Go through the data below and repeat it exactly, skipping each picture.

---------- Provided data ----------

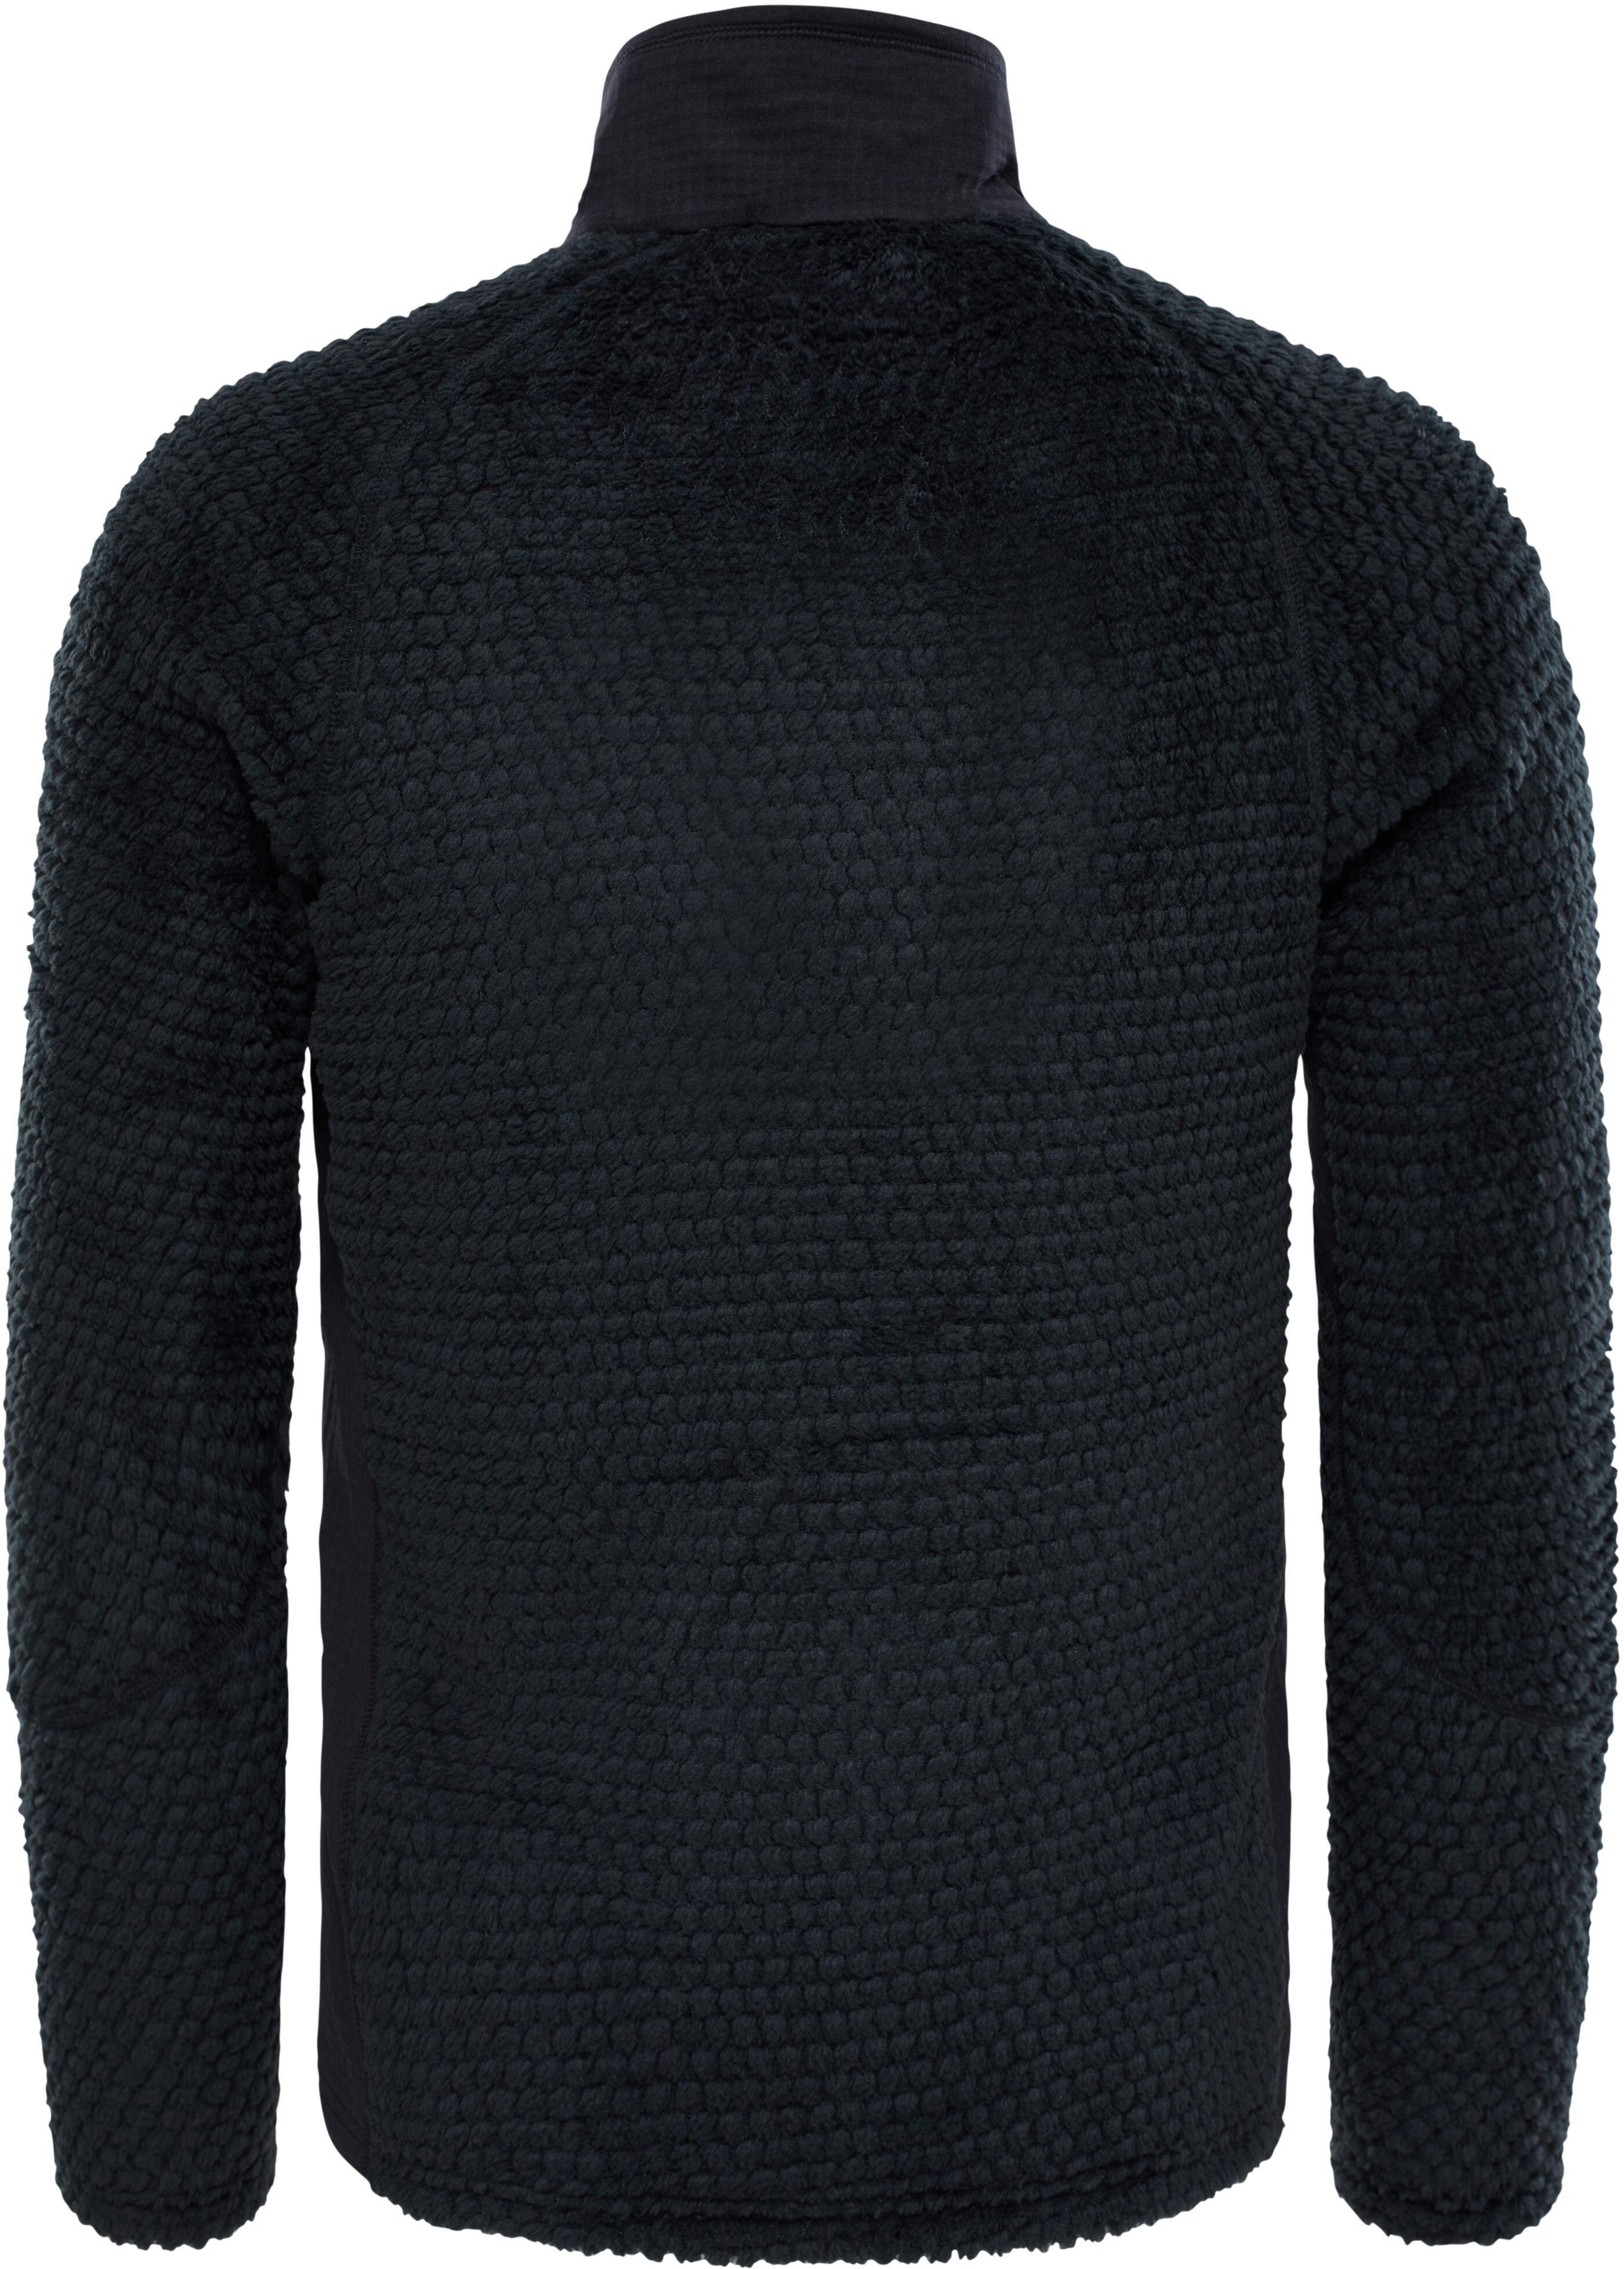 The North Face Radium Hi Loft Fleece Sweatshirt Herr Black
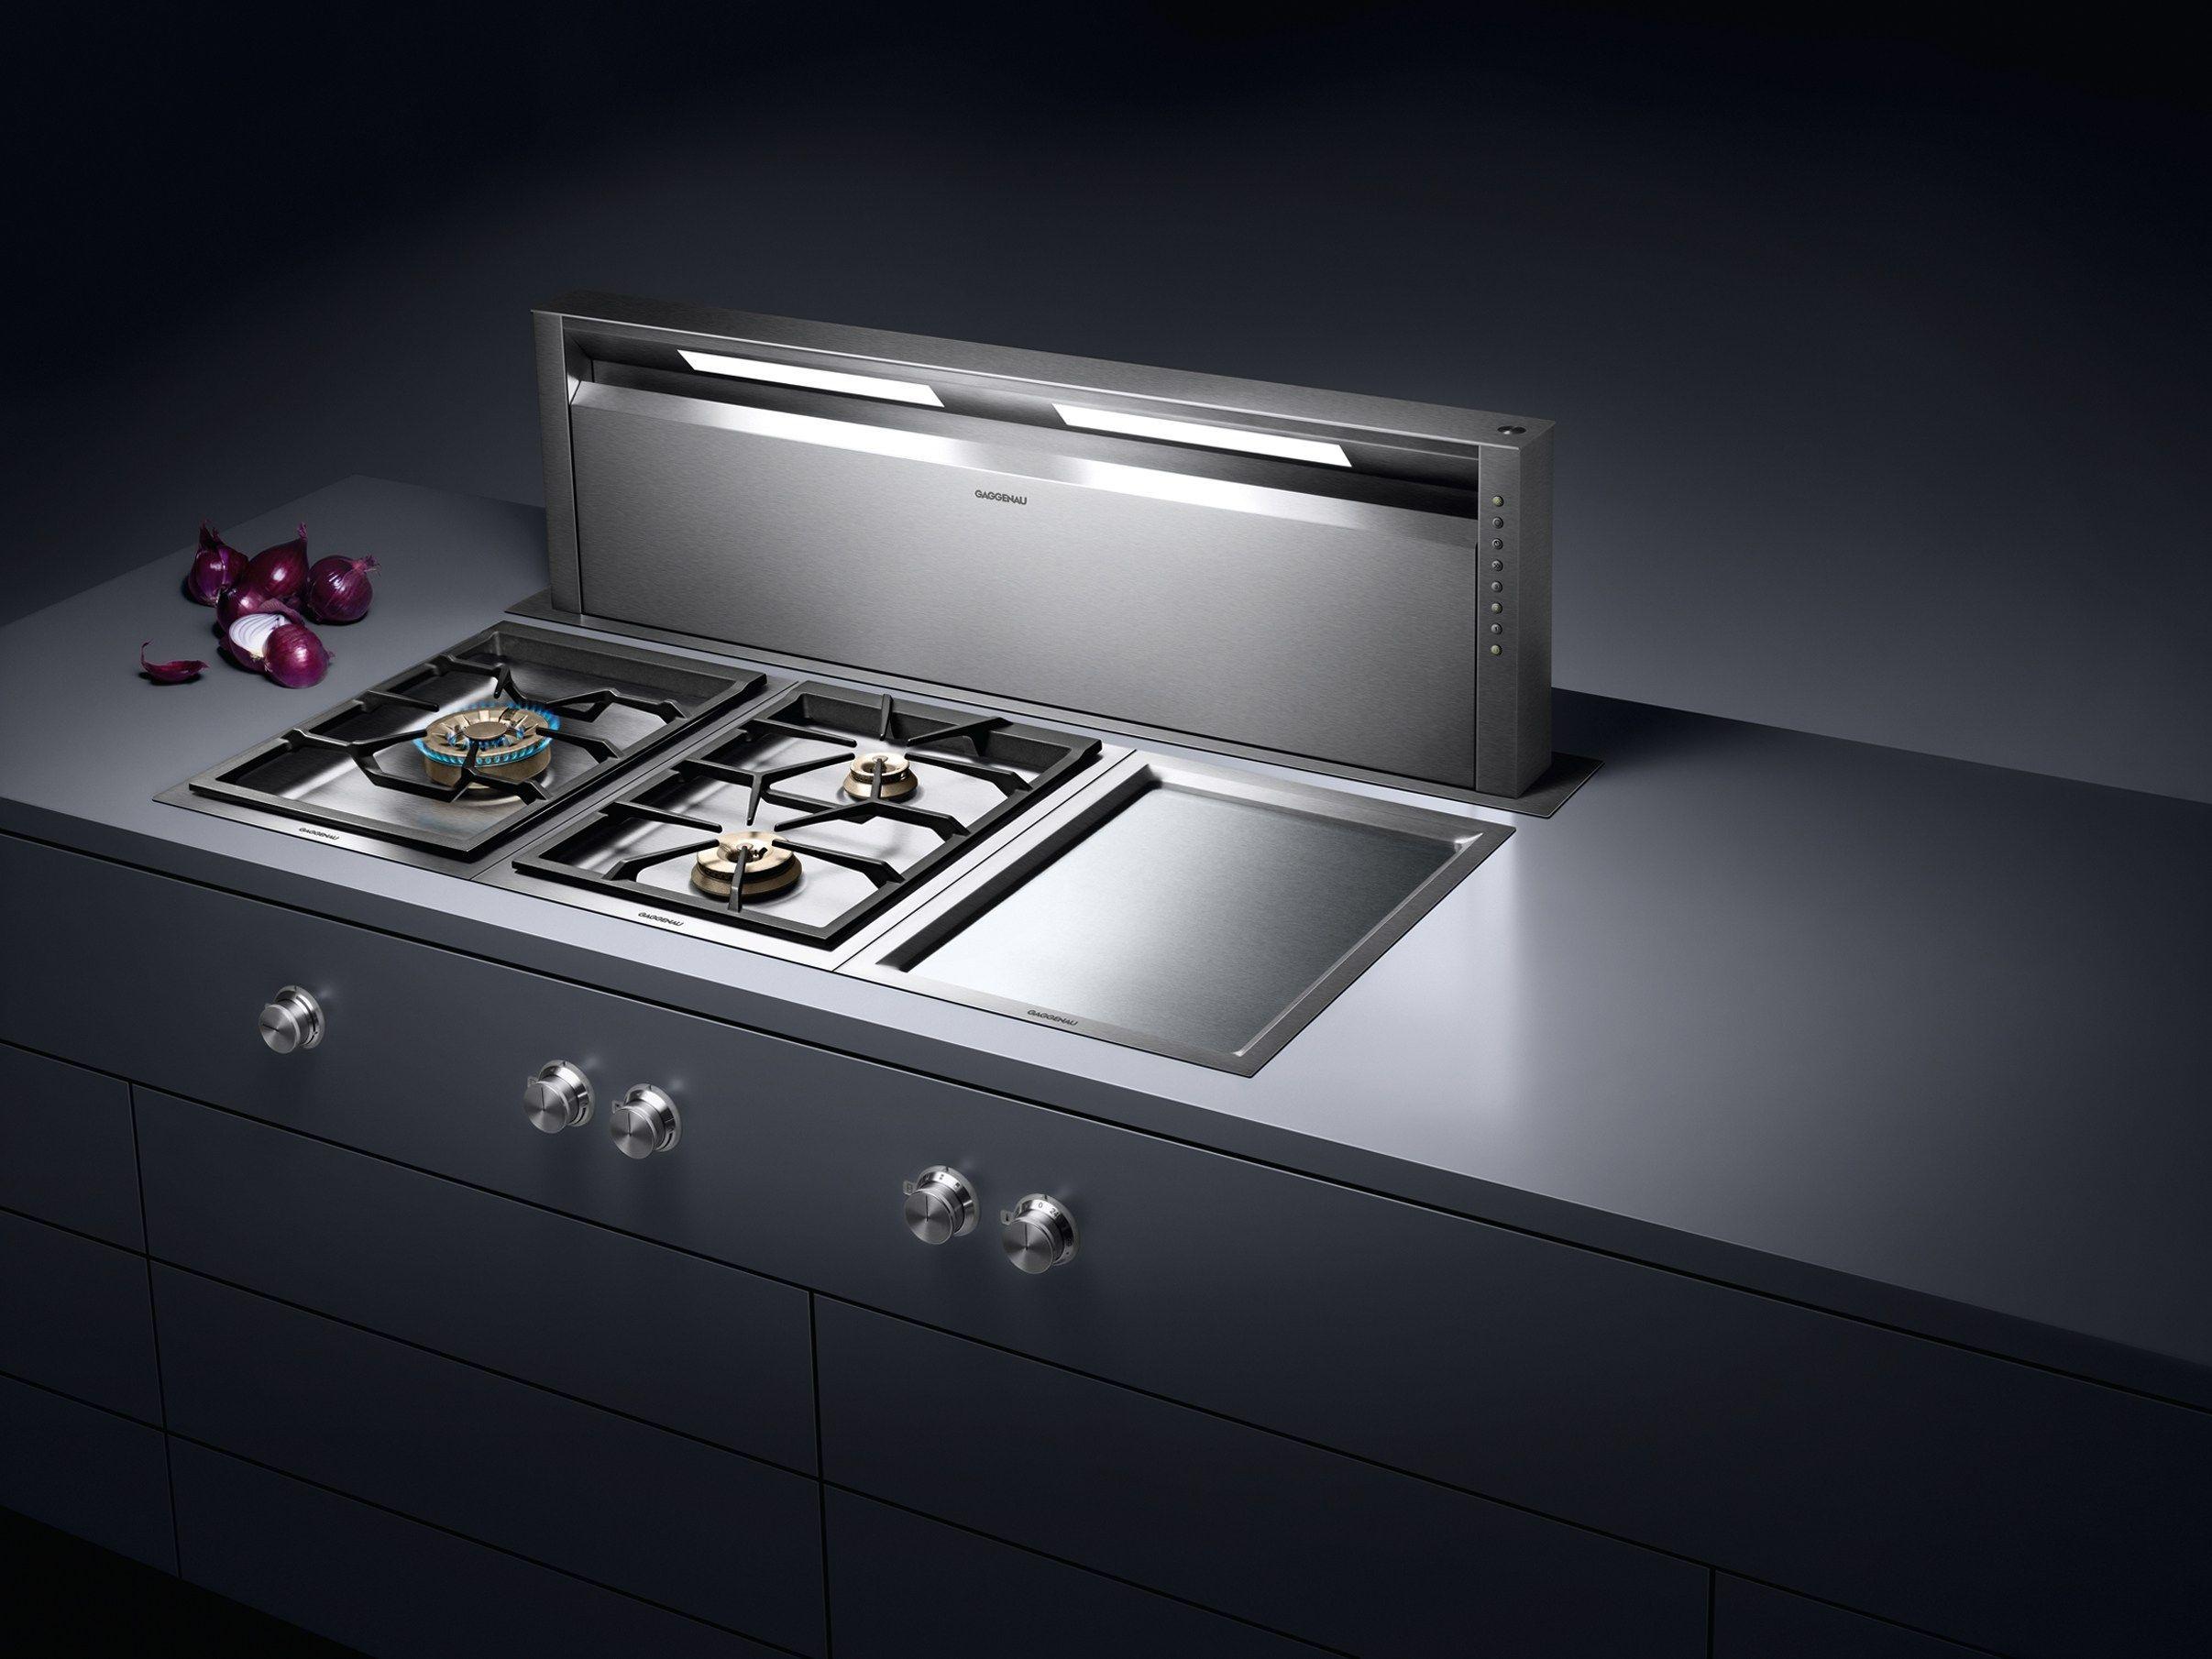 Kitchens Electric Home Campana Extractora Gaggenau Appliances  # Muebles De Cocina Gaggenau
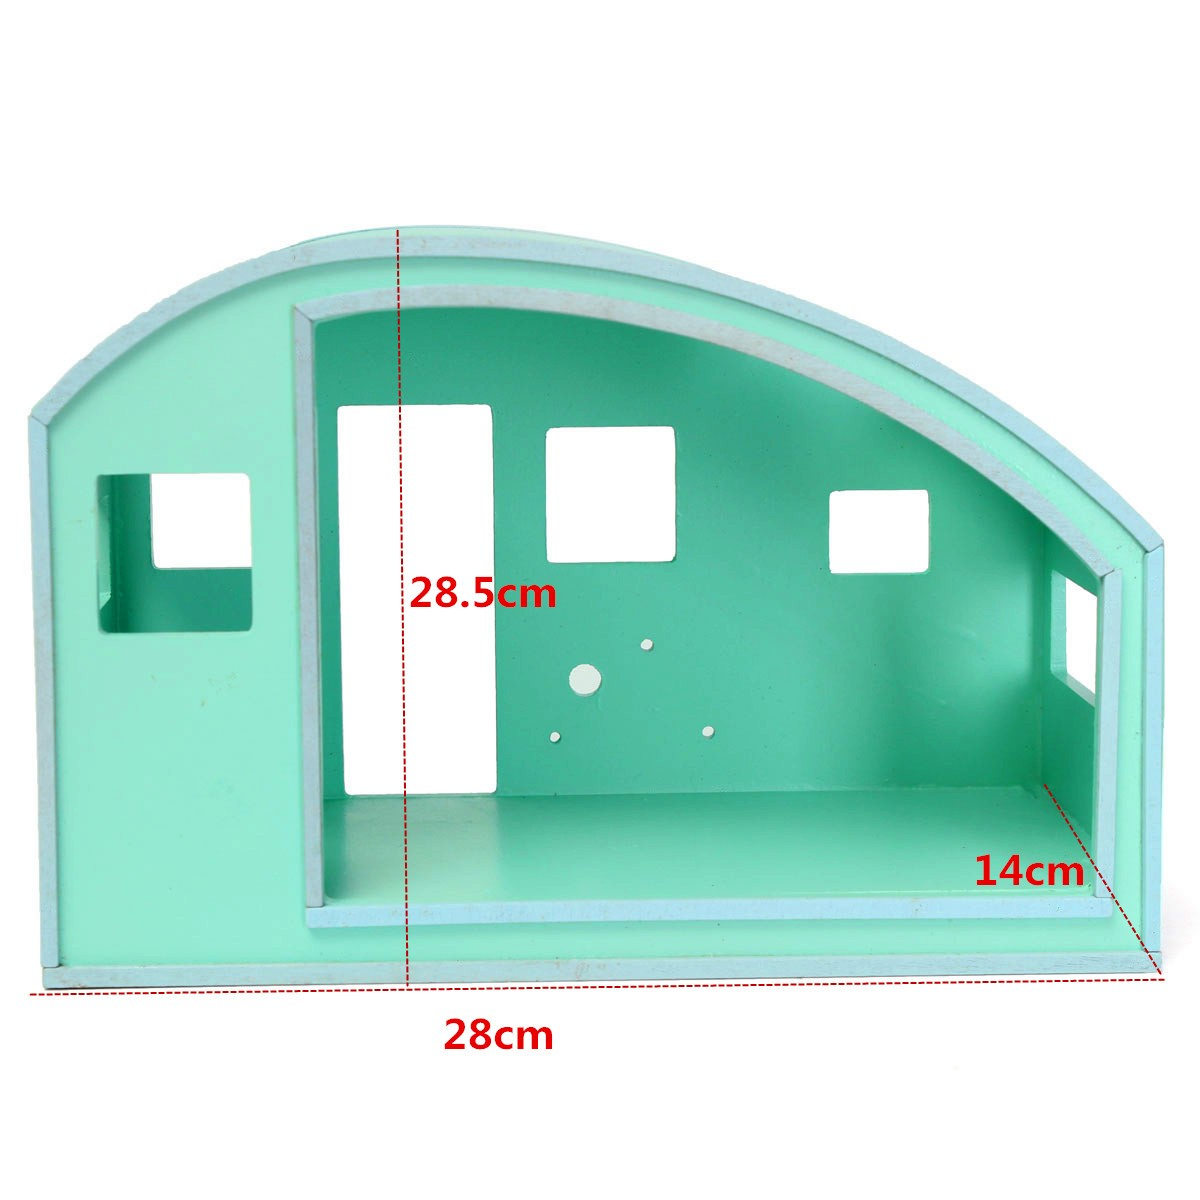 HTB1UQUBN9zqK1RjSZFjq6zlCFXao - Robotime - DIY Models, DIY Miniature Houses, 3d Wooden Puzzle

----------

*Expected answer*
 The North Face Radium Hi Loft Fleece Sweatshirt Herr Black
 Kitchens Electric Home Campana Extractora Gaggenau Appliances  # Muebles De Cocina Gaggenau
 HTB1UQUBN9zqK1RjSZFjq6zlCFXao - Robotime - DIY Models, DIY Miniature Houses, 3d Wooden Puzzle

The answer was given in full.